Given material:
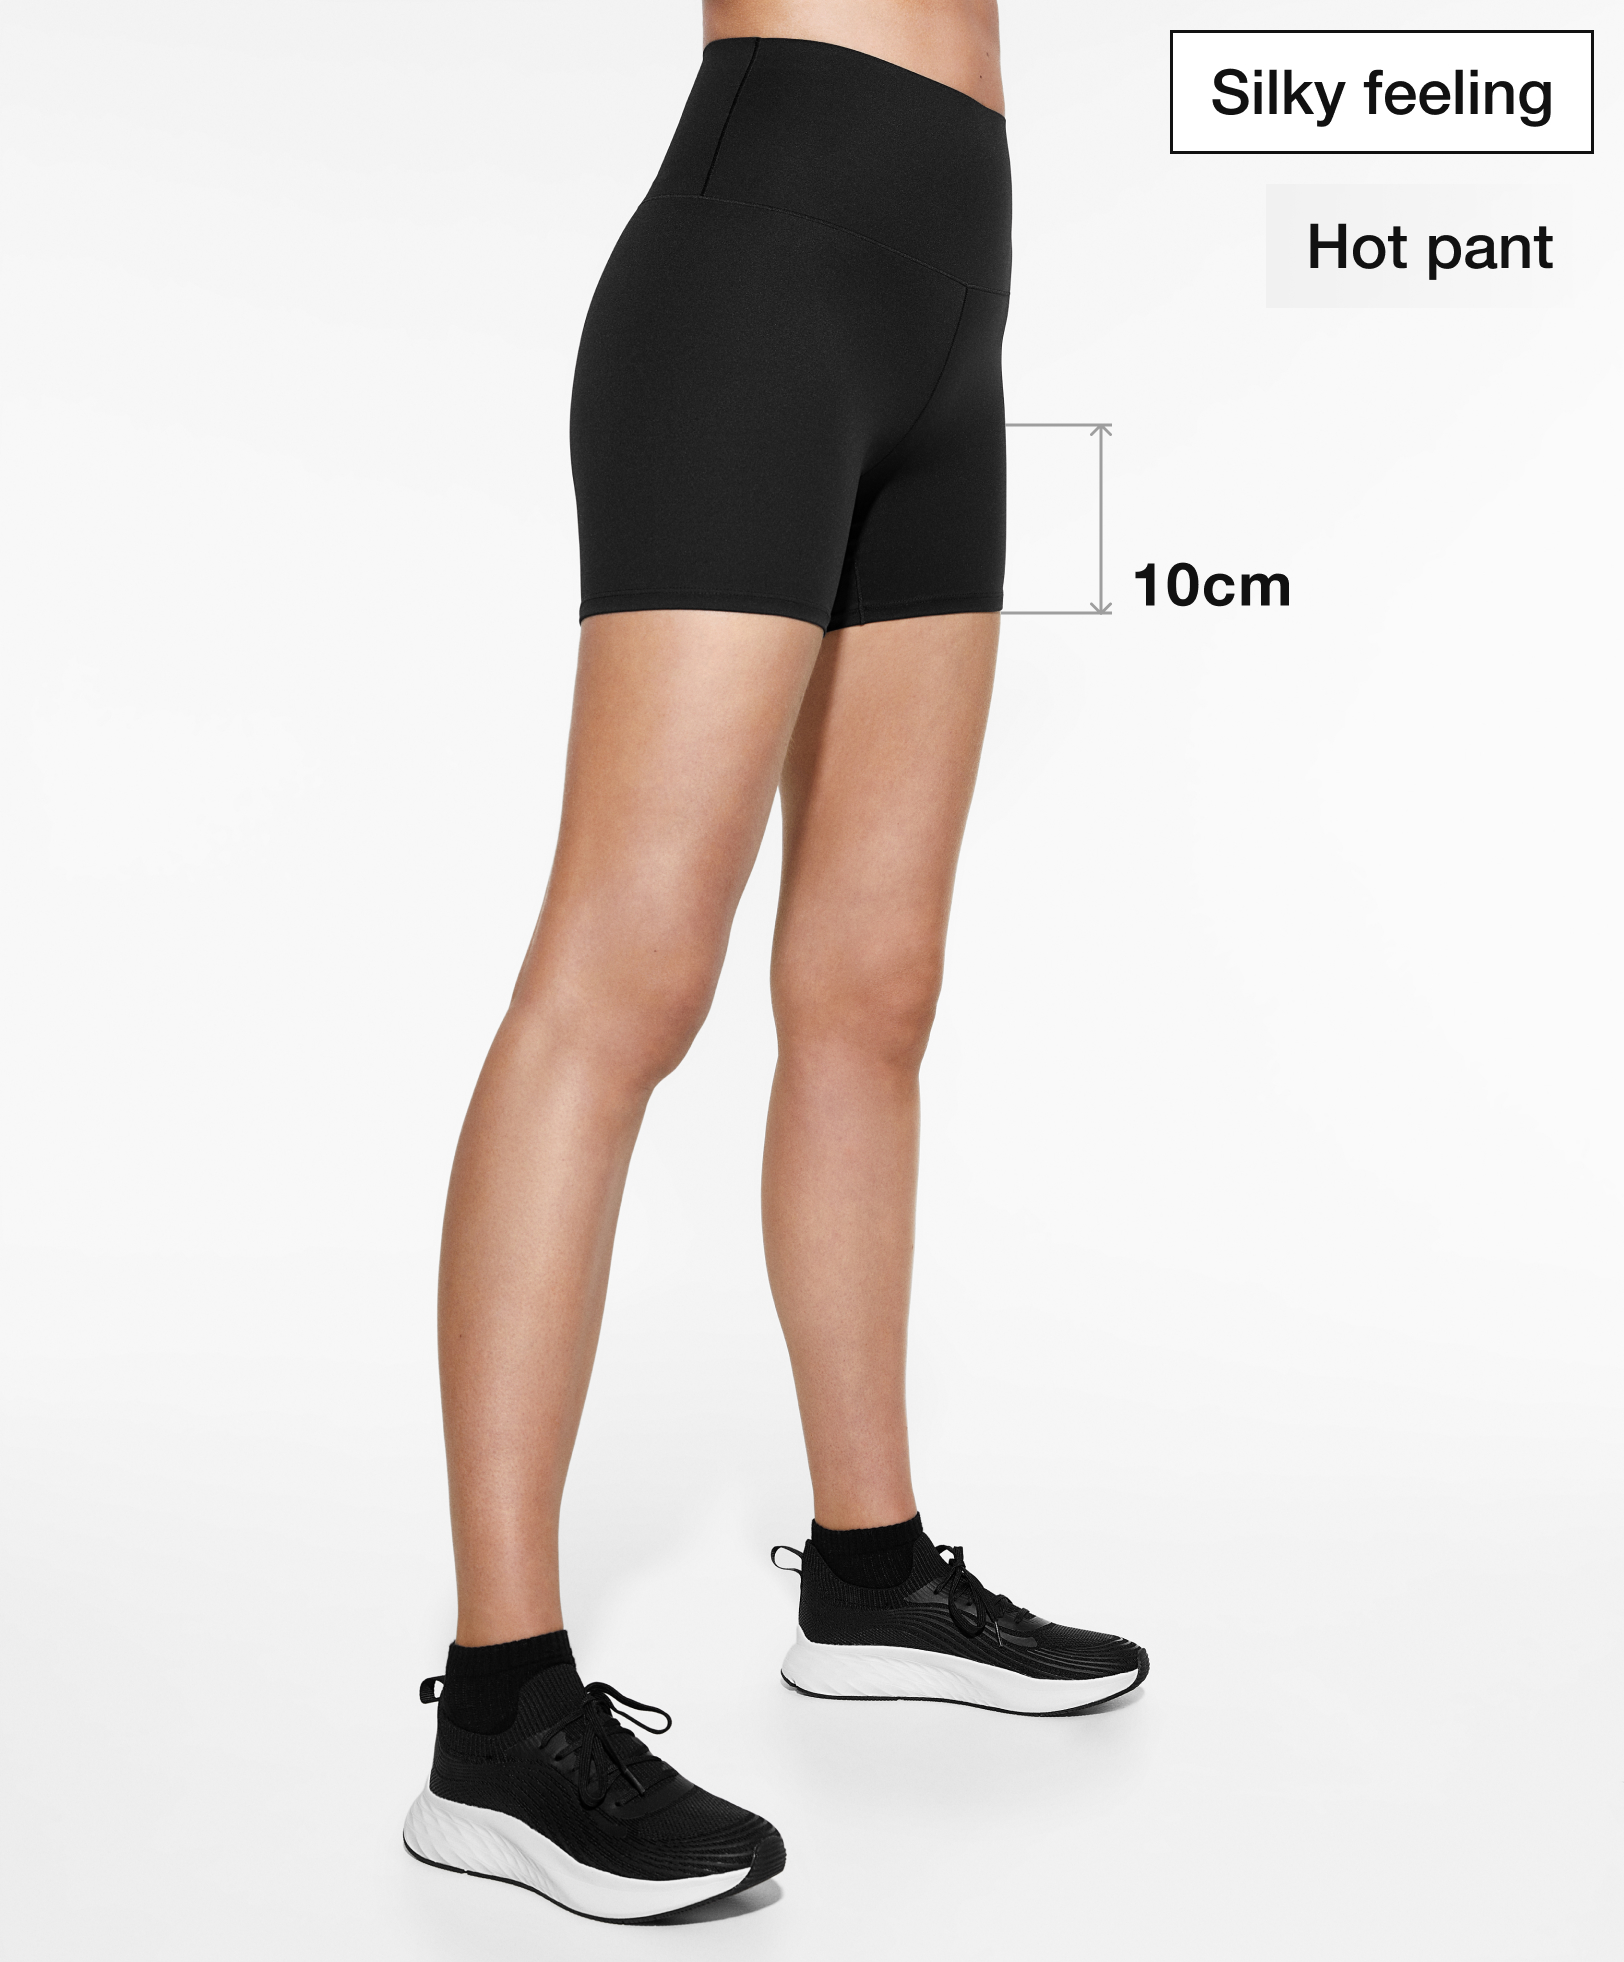 Perfect-adapt high-rise 10cm hot pant
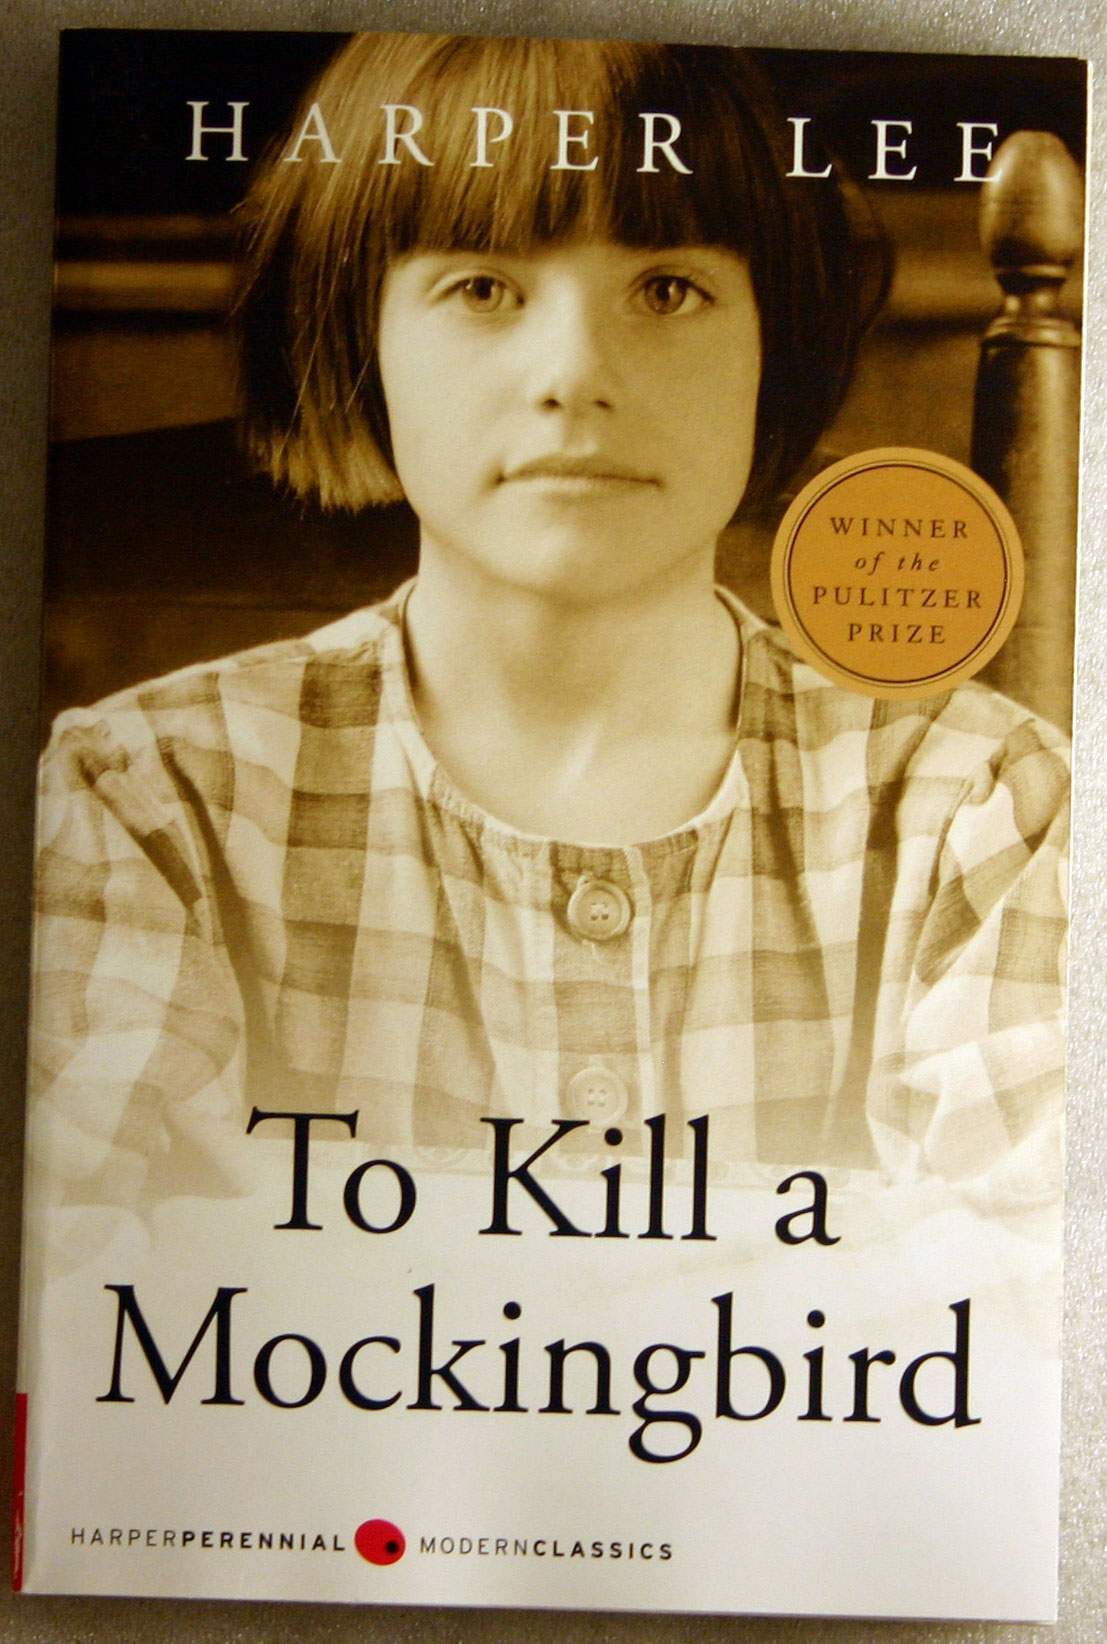 Eleven Classic Covers of Harper Lee's 'To Kill A Mockingbird' - Flashbak
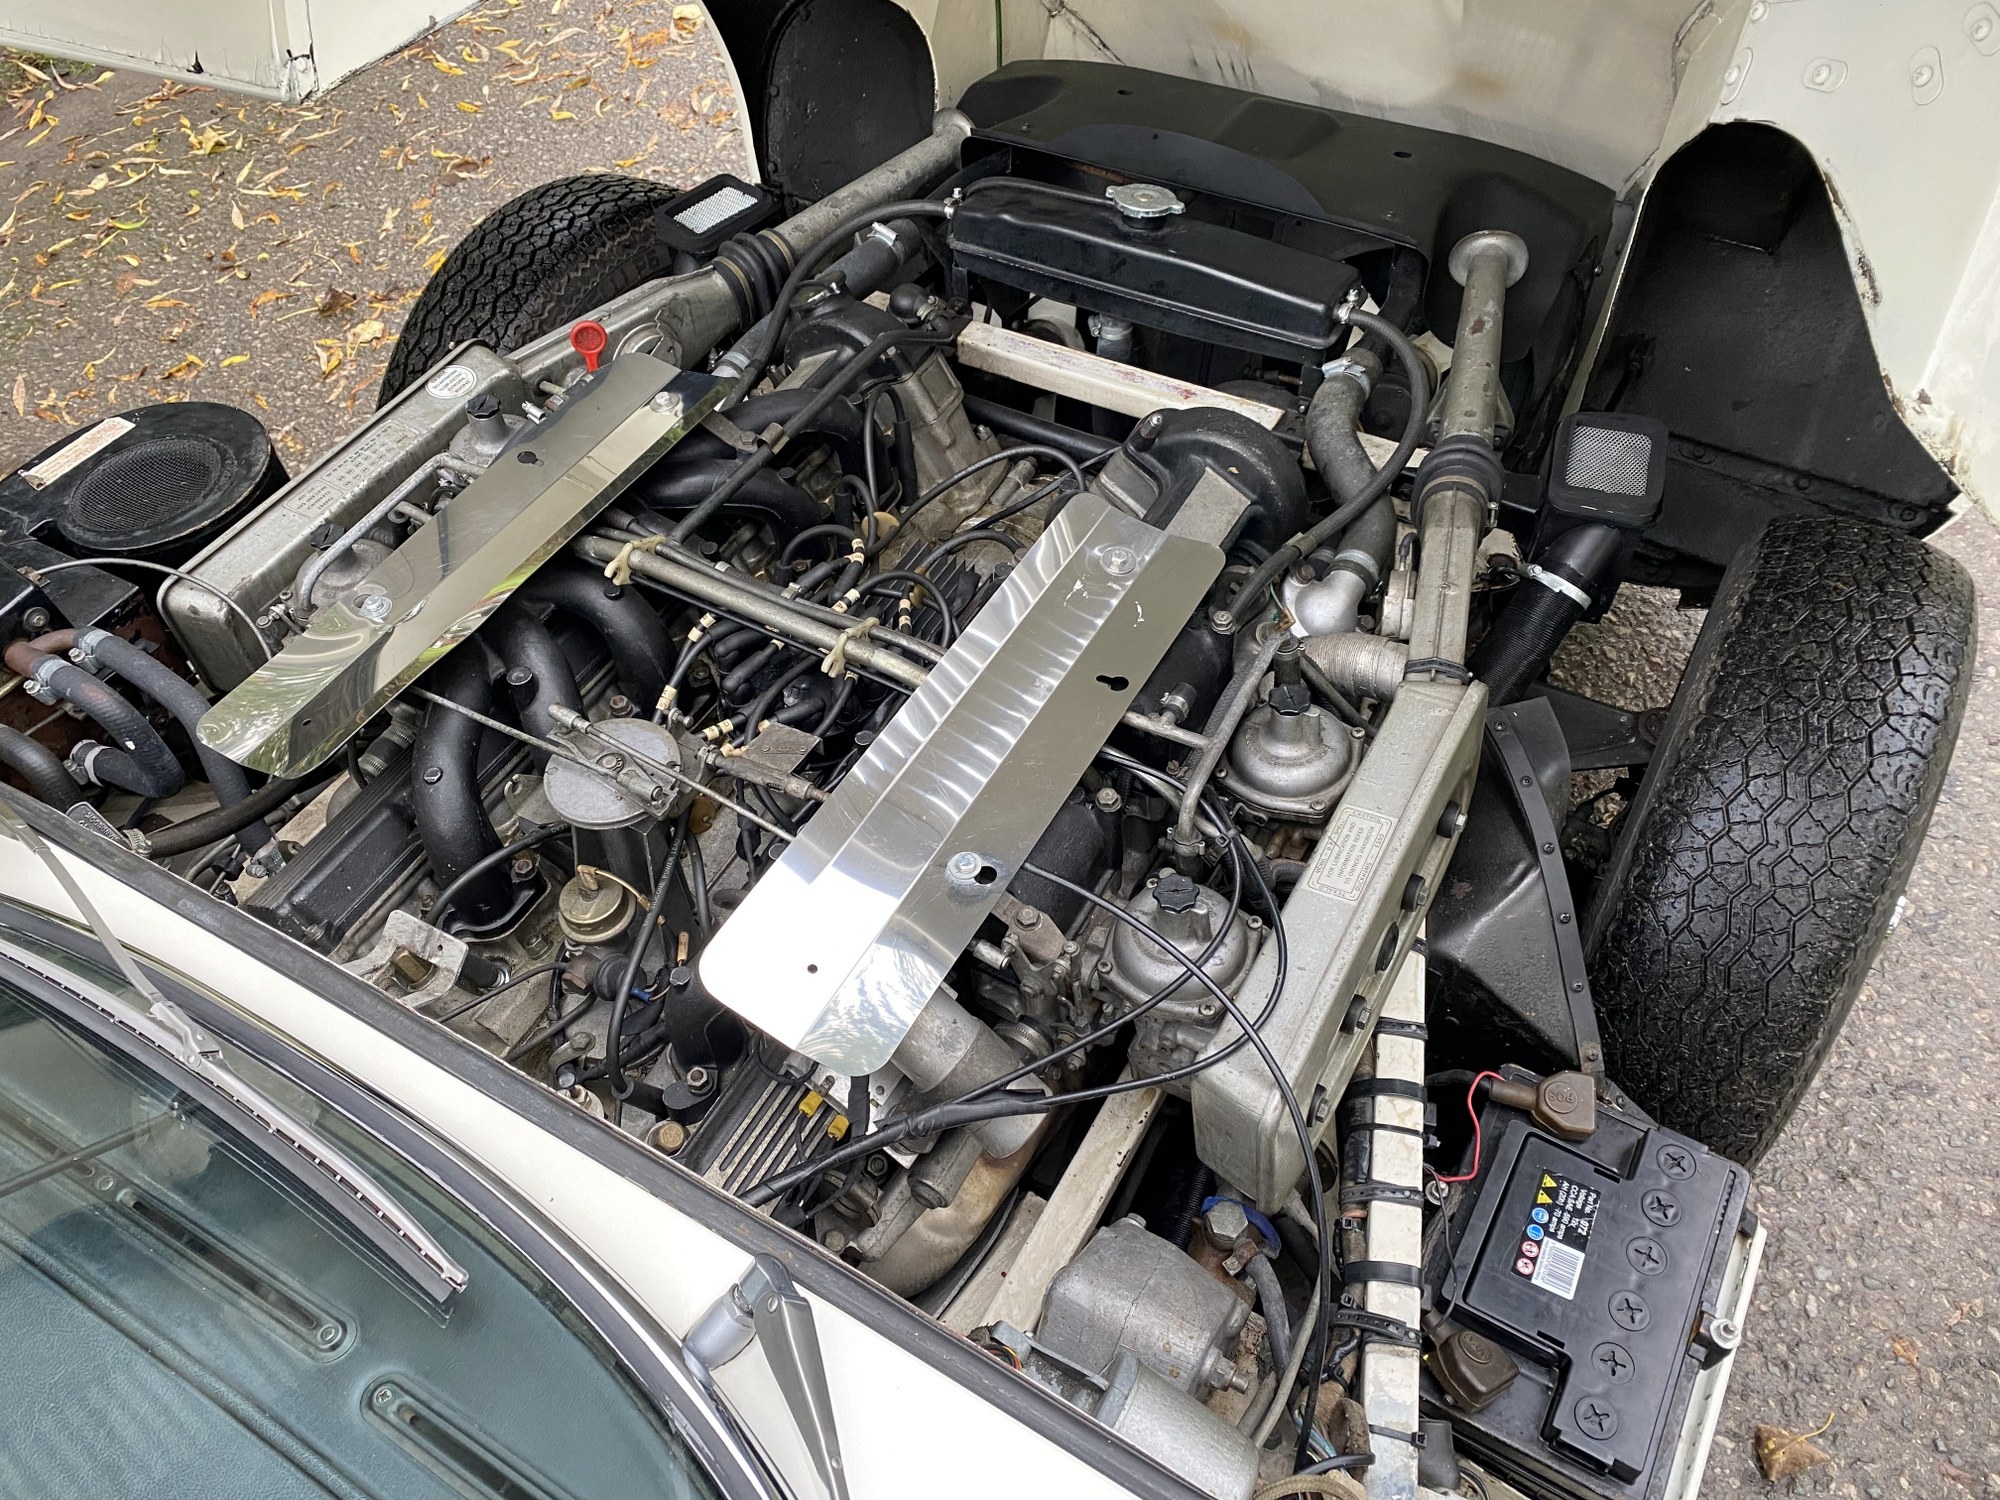 Jaguar E-Type V12 engine

Task details: When you transcribe the lines above, keep every word exact but leave the pictures behind.

Response:
 Perfect-adapt high-rise 10cm hot pant
 Eleven Classic Covers of Harper Lee's 'To Kill A Mockingbird' - Flashbak
 Jaguar E-Type V12 engine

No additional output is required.